**INSTRUCTIONS TO FOLLOW**
Although the data below contains pictures, please reproduce only its words, exactly.

*** DATASET EXCERPT ***

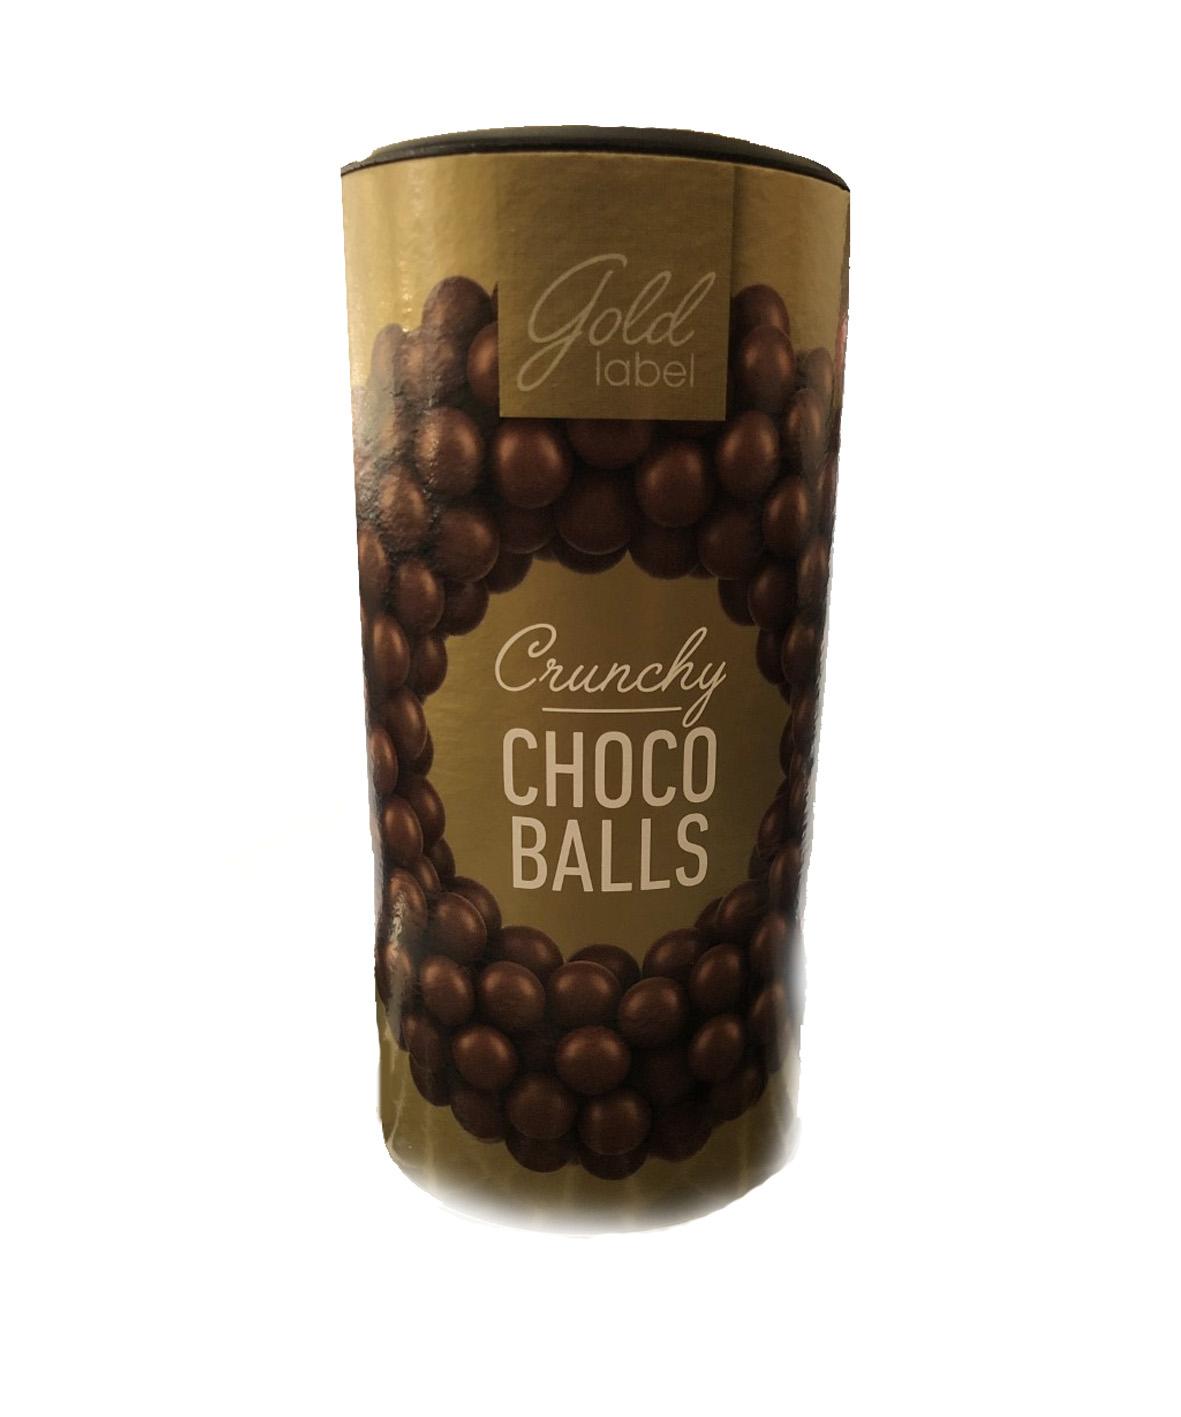 Gold Label crunchy choco balls 125g
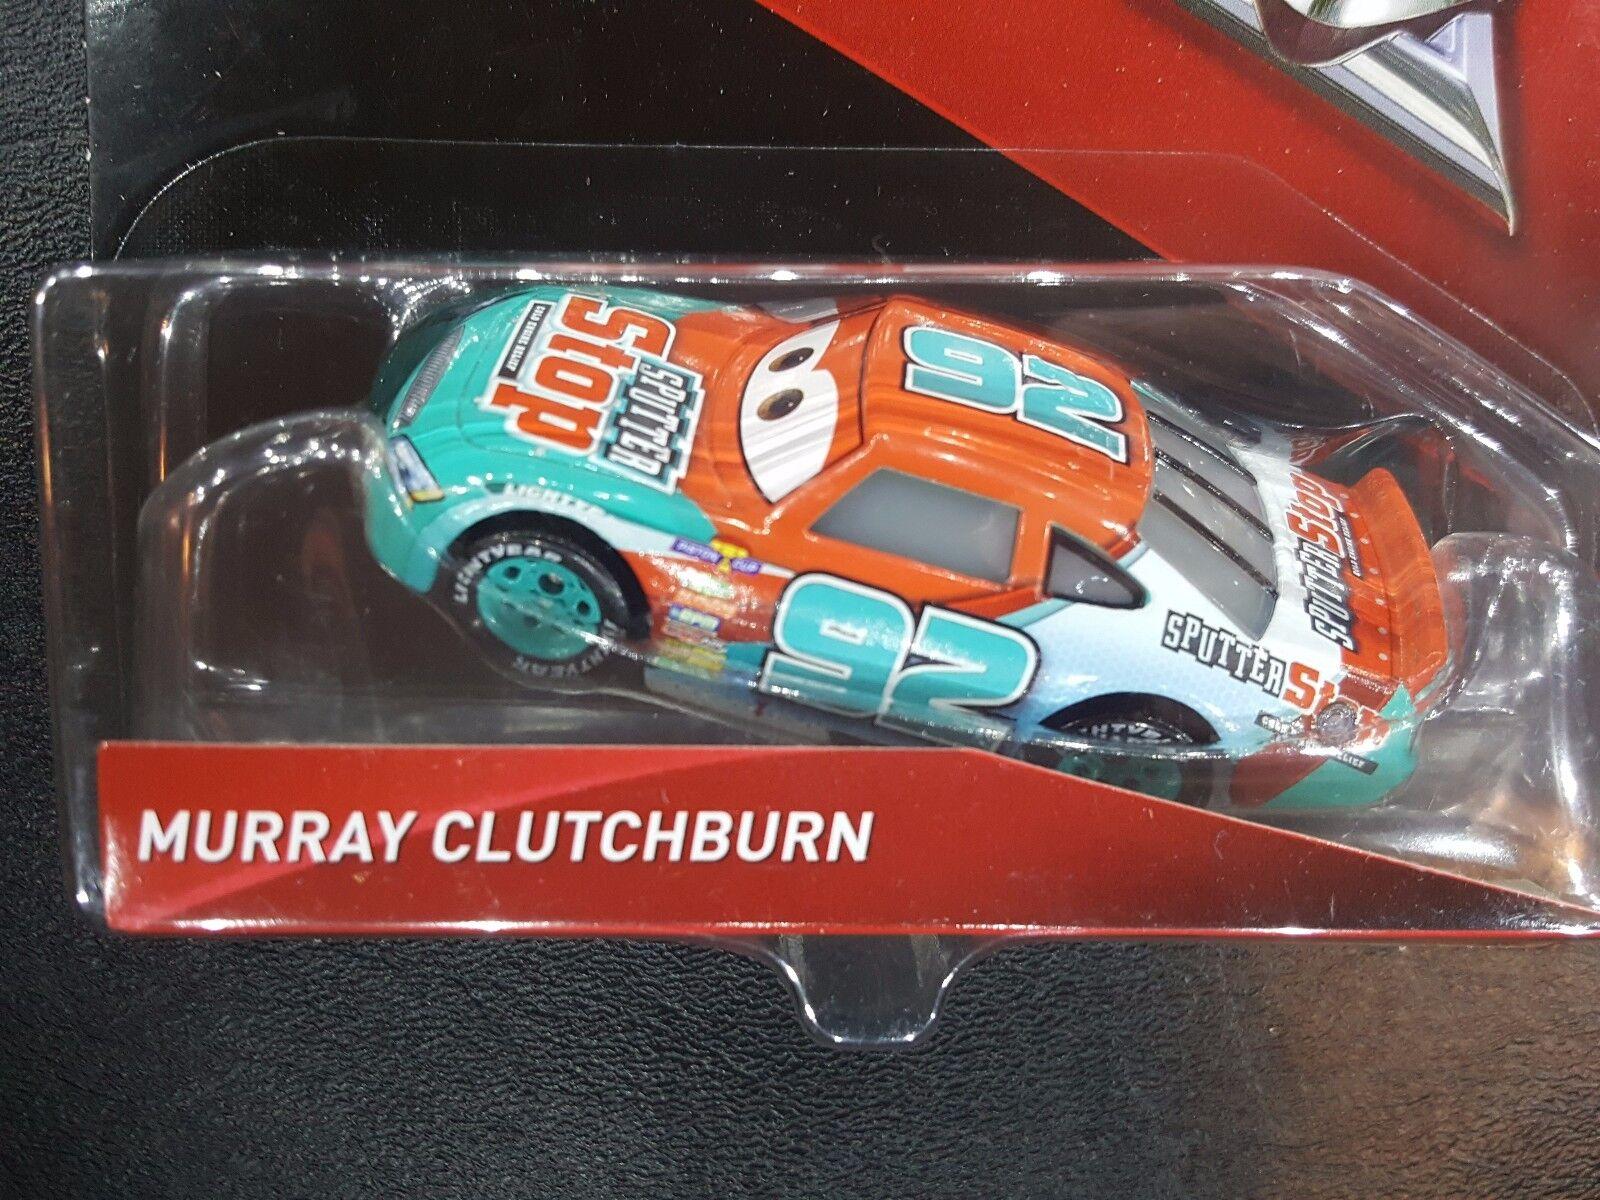 Disney Pixar Cars MINI RACER MURRAY CLUTCHBURN SPUTTER STOP MATTEL Diecast
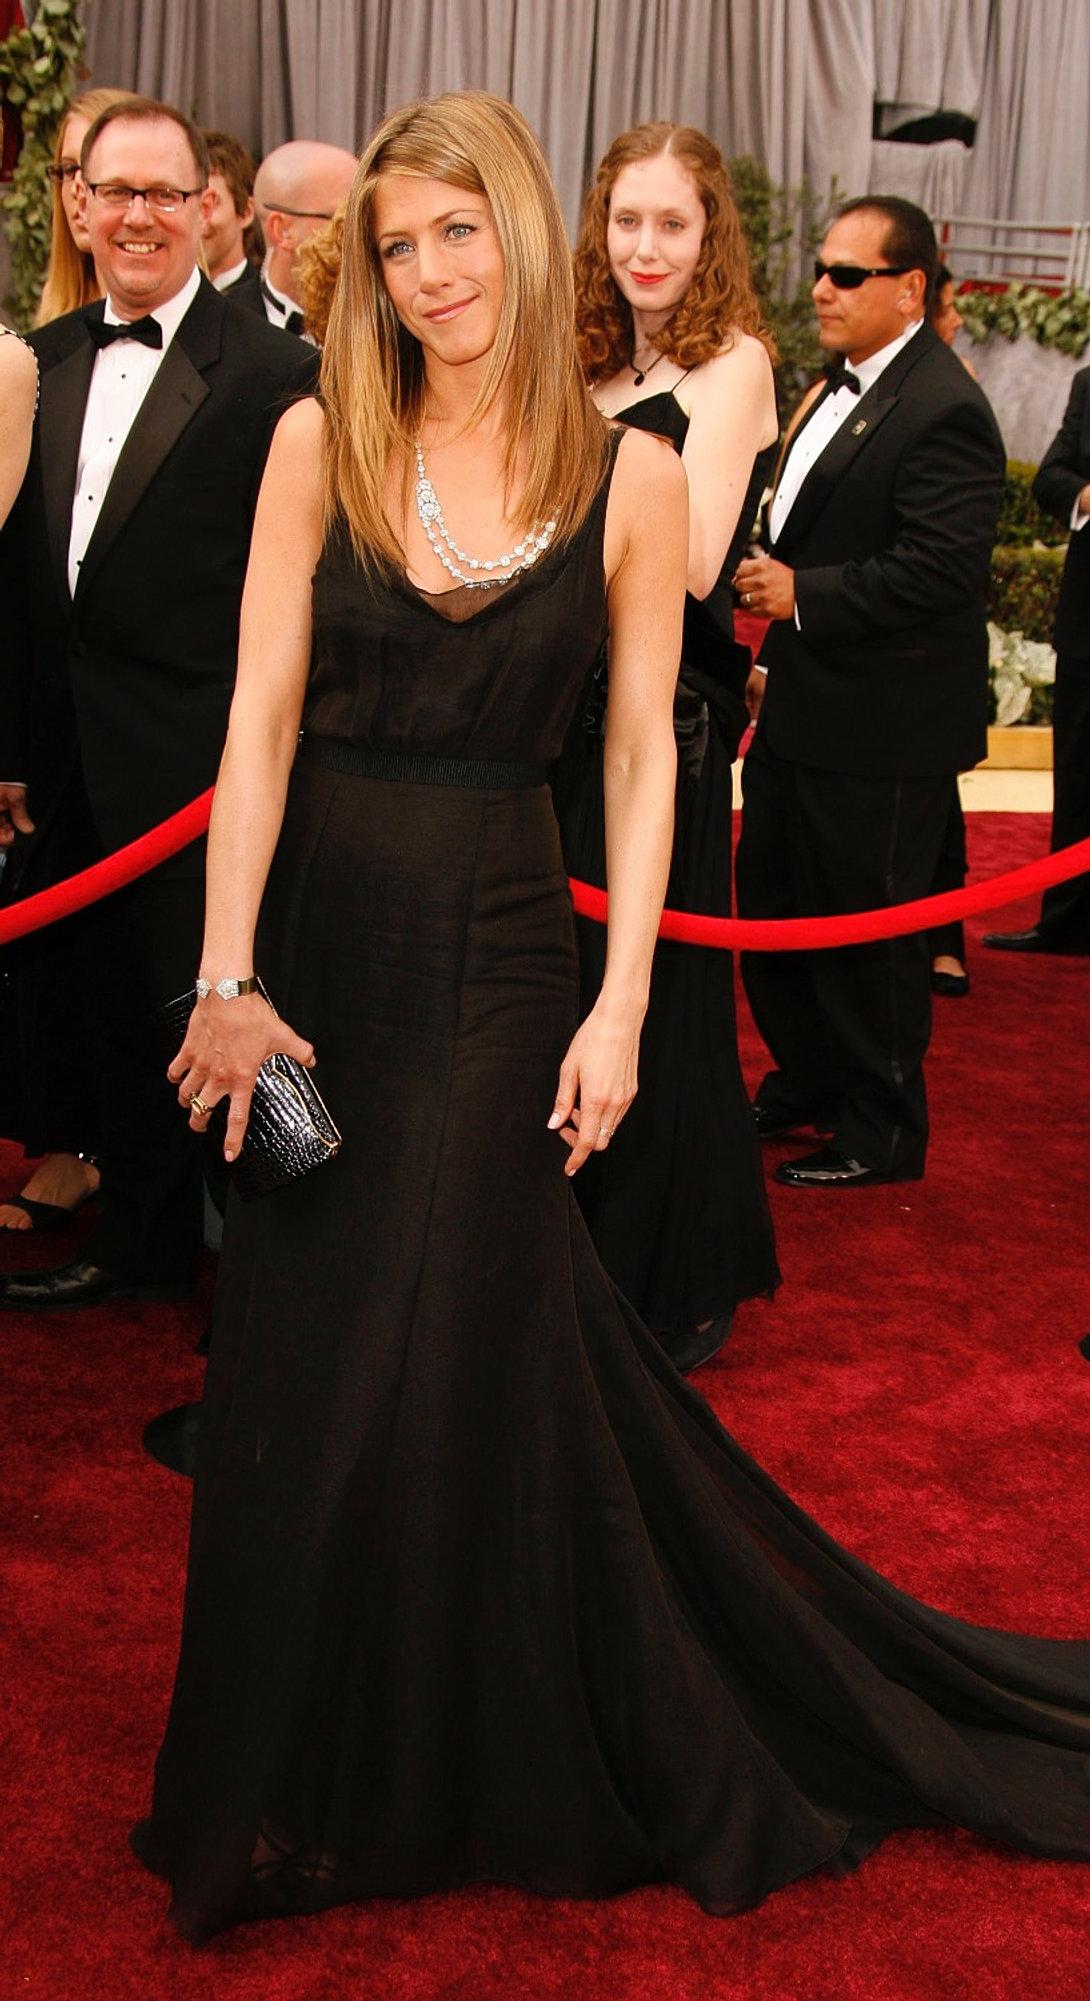 LANA MARKS - ON THE RED CARPET Angelina Jolie

***

**EXERCISE SOLUTION**
 Gold Label crunchy choco balls 125g
 Disney Pixar Cars MINI RACER MURRAY CLUTCHBURN SPUTTER STOP MATTEL Diecast
 LANA MARKS - ON THE RED CARPET Angelina Jolie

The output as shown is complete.